- Born: 1982 or 1983 (age 42–43) London, United Kingdom
- Education: Emerson College (BA)
- Alma mater: Emerson College
- Occupations: Restaurant critic, journalist, writer
- Employer(s): The Village Voice, New York Times, Bloomberg L.P.
- Website: www.tejalrao.com

= Tejal Rao =

Restaurant critic and writer

Tejal Rao (born ) is a restaurant critic, recipe developer and writer based in Los Angeles. She is one of the two chief restaurant critics for The New York Times. In 2018, she was named the first California restaurant critic for The New York Times. In 2021, she was named editor of the New York Times subscription cooking newsletter The Veggie.

== Early life and education ==
Rao was born in London, but lived in Kuwait, Sudan, and France during her youth before settling in Cobb County, Georgia as a teenager. Rao's mother was born in Uganda and her father was born in India.

Rao attended Emerson College, where she earned a BA in literature.

== Career ==
In 2012, Rao joined The Village Voice as a food critic. In 2013, Rao won the James Beard Foundation’s Craig Claiborne Distinguished Restaurant Review Award for her work for The Village Voice.

In 2014, Rao joined Bloomberg as a restaurant critic. In 2016, she won the James Beard Foundation’s Craig Claiborne Distinguished Restaurant Review Award once again, this time for her work at Bloomberg. In the same year, Rao joined The New York Times as a reporter and monthly columnist for its magazine. In 2018, she was named The New York Times first California restaurant critic, to better serve the growing number of New York Times readers in the state.

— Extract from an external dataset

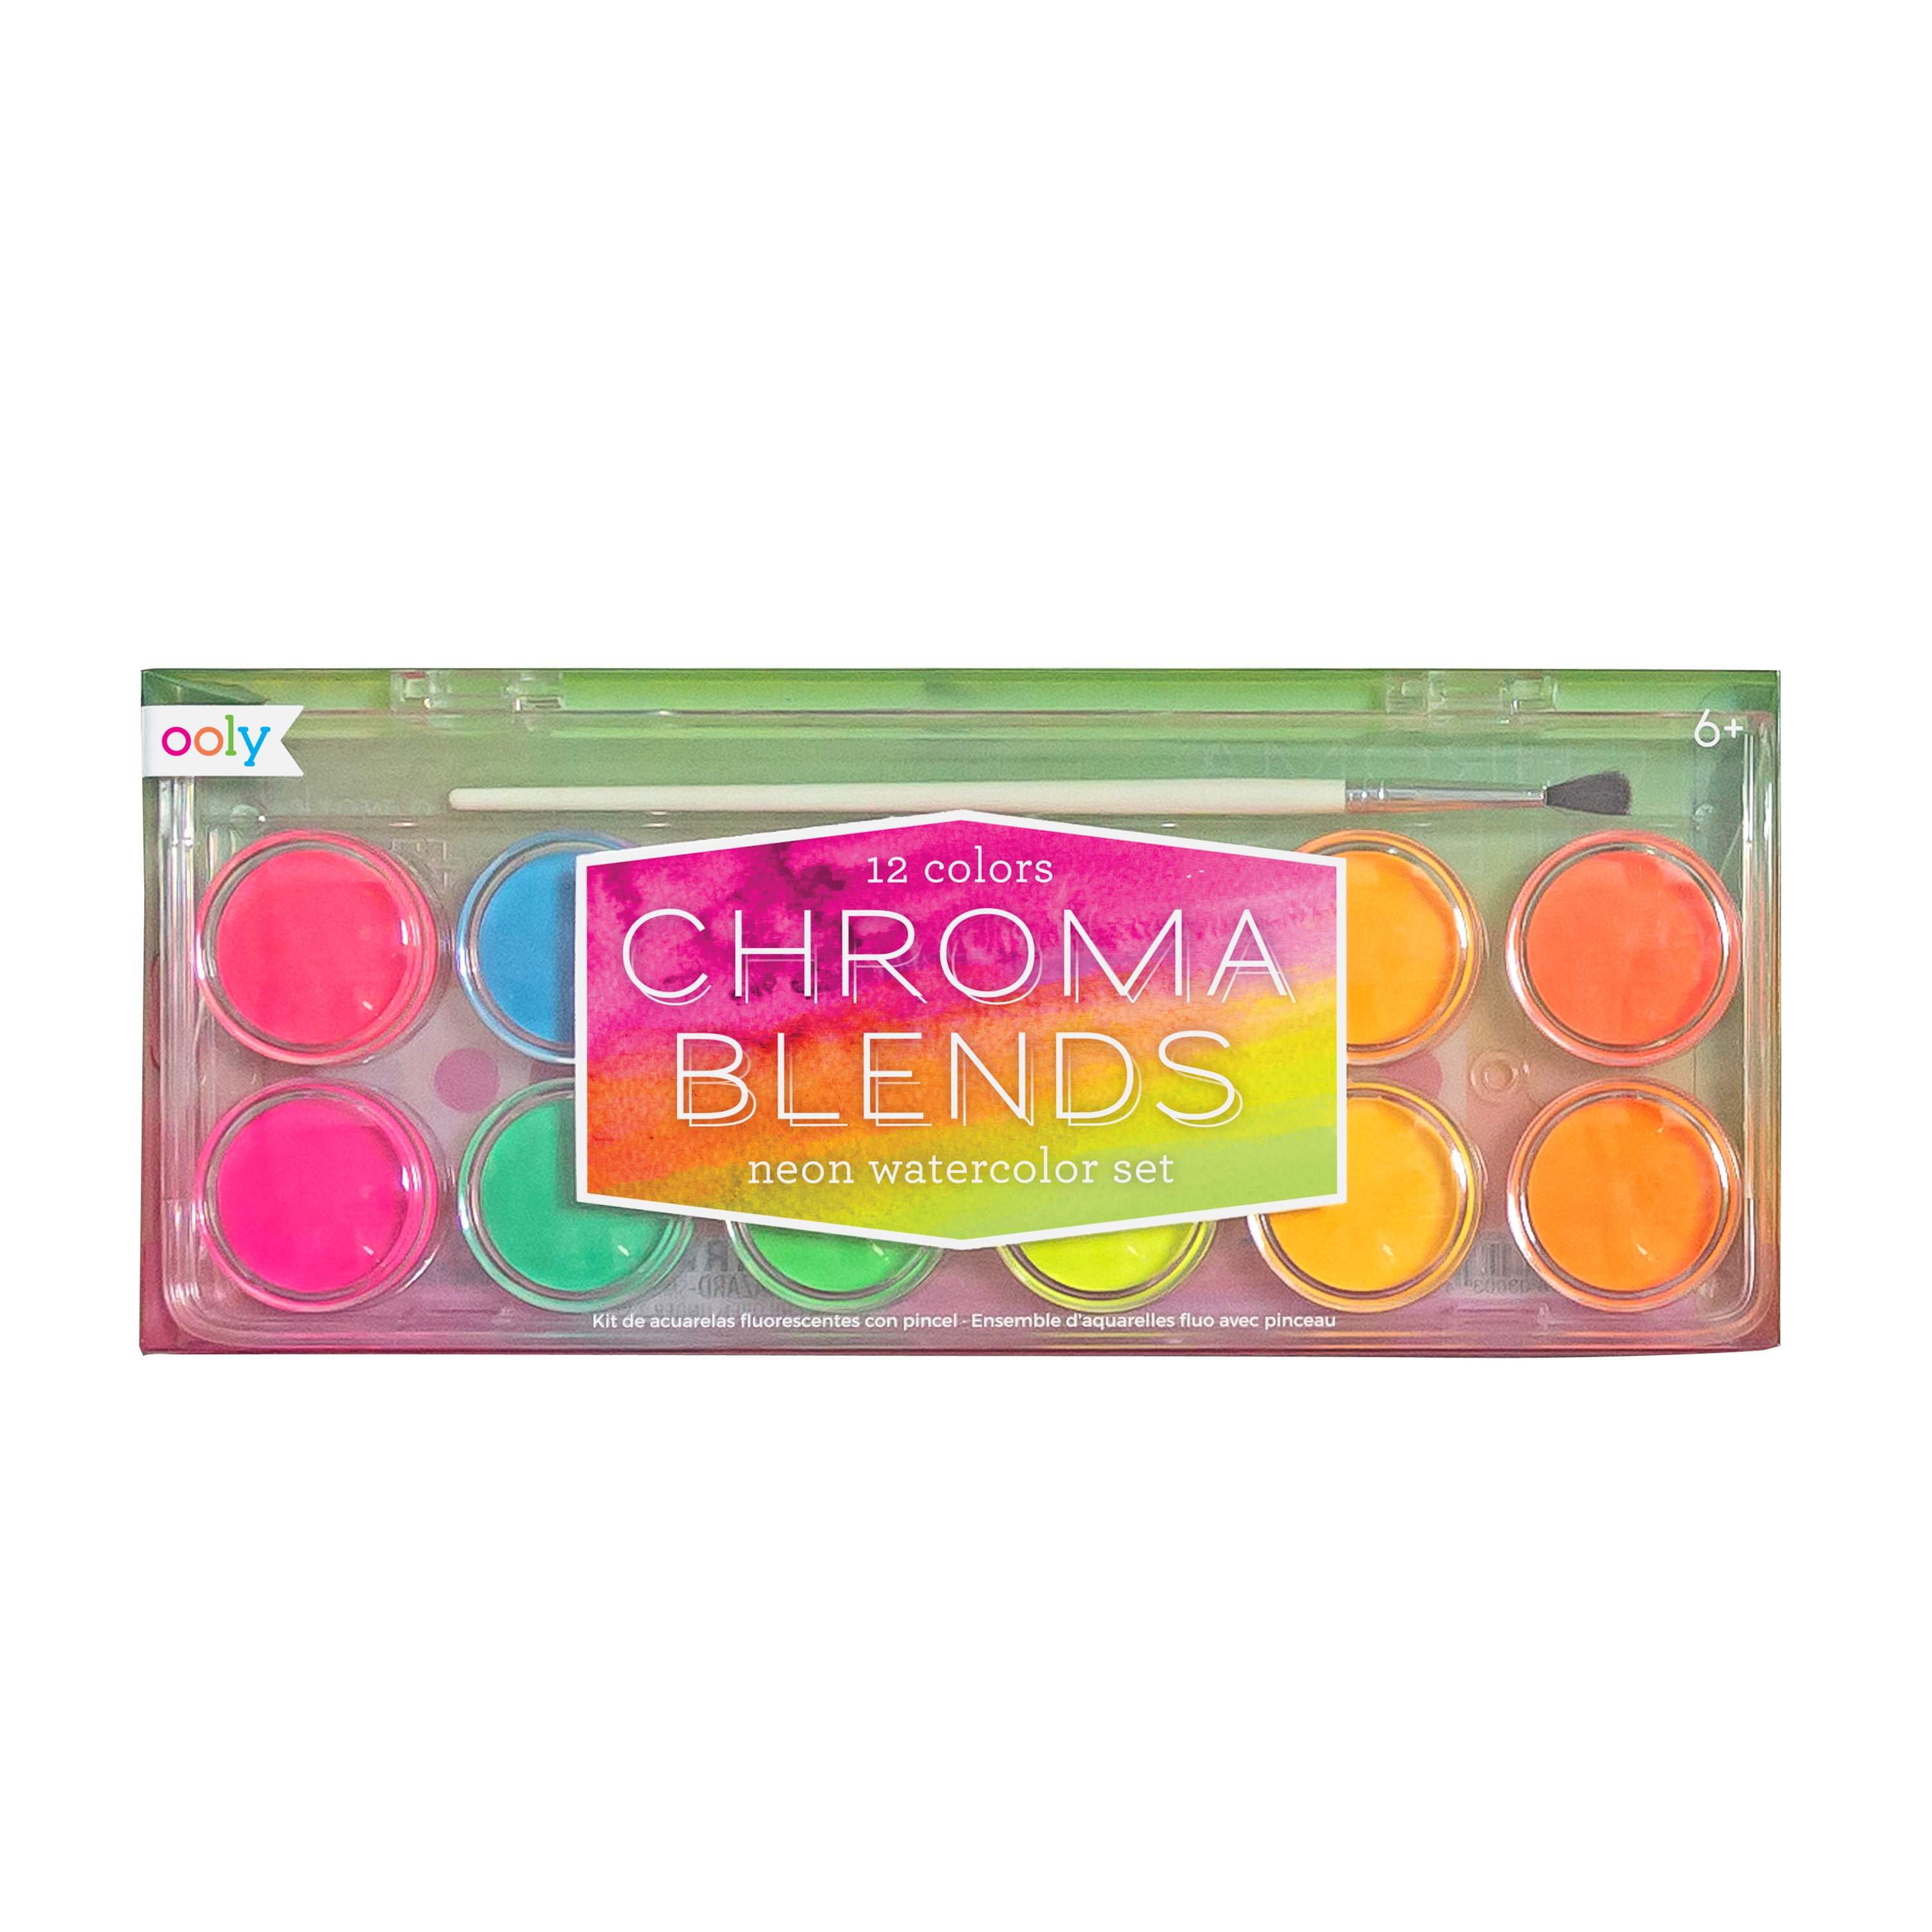 QoR Watercolor Introductory Set 6-Color High Chroma Set

In 2021, Rao started the vegetarian recipe newsletter The Veggie. Although she is not a vegetarian, Rao enjoys cooking vegetarian food.

In June 2025, The New York Times appointed Rao as one of its two new chief restaurant critics, marking a shift toward nationally focused restaurant coverage and ending the tradition of critic anonymity.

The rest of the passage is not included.